Anyway, none of his 40 chisels really did well at low angles. Surprise? Well, not really... None of mine really do well at low angles. The "#1 best at 20 degrees" would only make it into the bottom quarter if it got mixed into the 30 degree stack. The "#1 Best at 25 degrees" would barely land mid pack if it got mixed in the 30 degree stack by mistake.

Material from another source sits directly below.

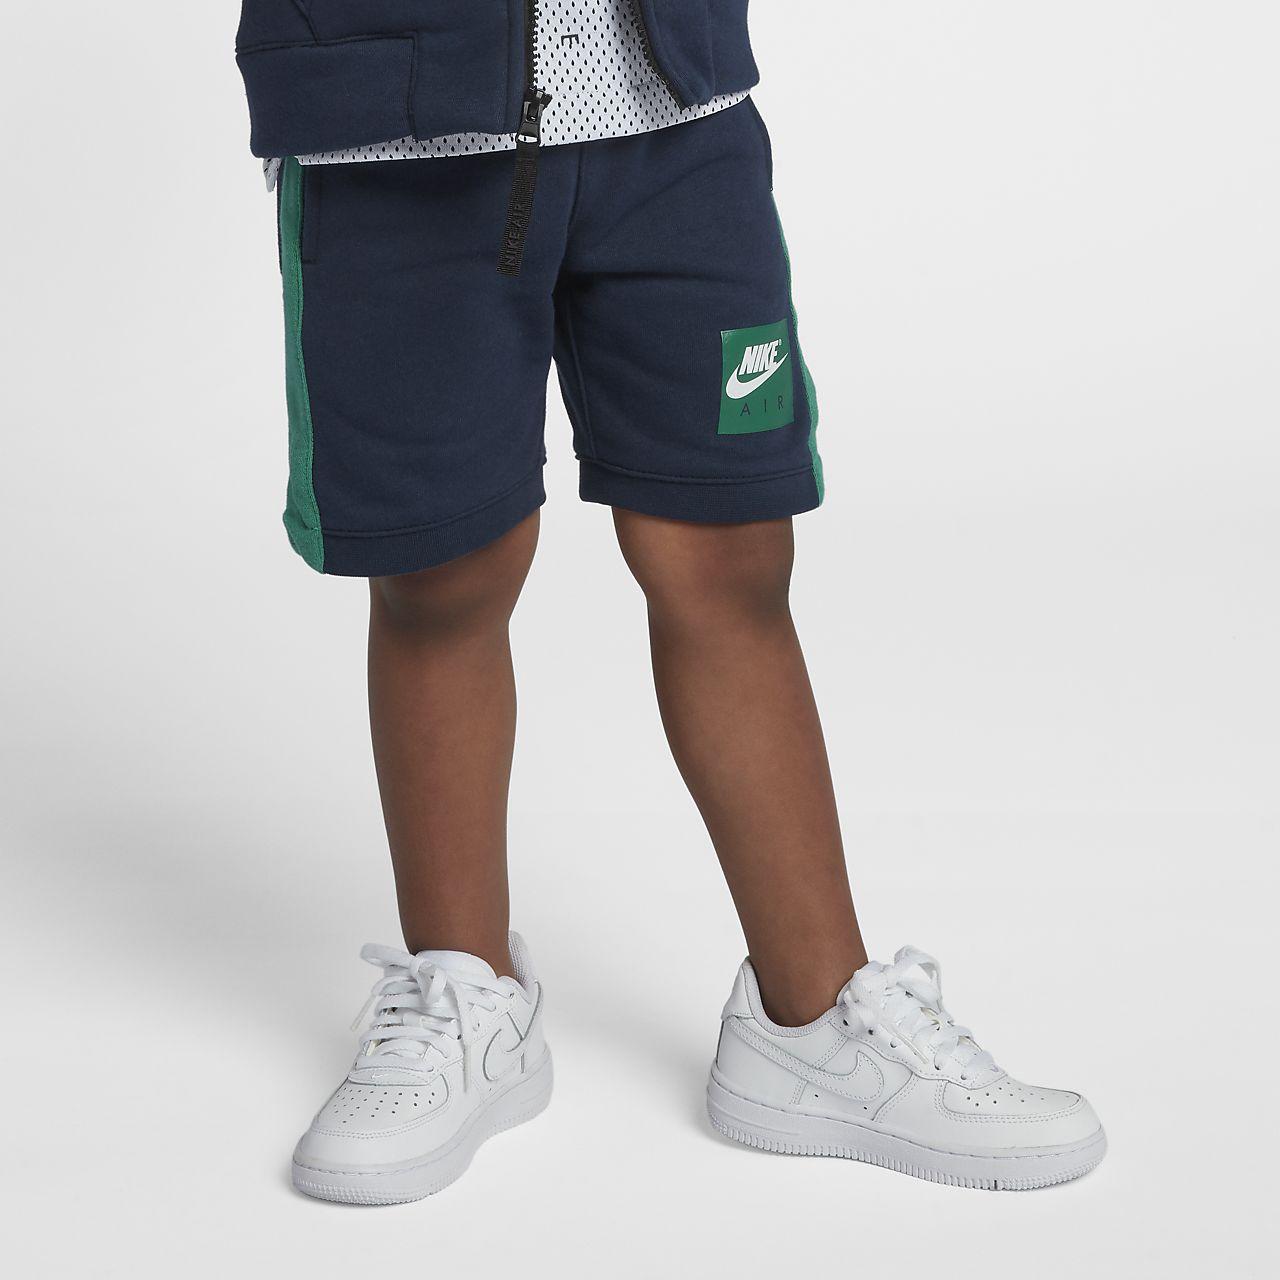 Nl boys' Nike Kids' Knit Air Younger Shorts ftqtwcYSz

More than a few "pigs" that barely cut at low angles subsequently finished in the top half once sharpened to 30 degrees... His Harbor Freight wood handles chisel went from dead last to #13 when changing the angle from 25 to 30. (I still think he got lucky. I've gone through three packs now, and they never got better.). I've had plenty of chisels that went from edges falling off to great just from changes in sharpening routine. It swamps everything else assuming appropriate steel and heat treatment. If you're satisfied with the edge life you're getting, chances are that you already sorted out an appropriate sharpening routine.
One of the interesting observations was that quite a few of the chisels that seemed to do "decent" relative to the pack at lower angles didn't really do wildly better at higher angles. It's like either they gassed out, or maybe the edge geometry still was too fine... For example, Lee Nielsen improved but didn't really hit it's sweet spot. Most magazine trials ran those at 35 degrees where this test topped out at 30. Two cherries looked abysmal until it hit 30 degrees.
what did you guys think?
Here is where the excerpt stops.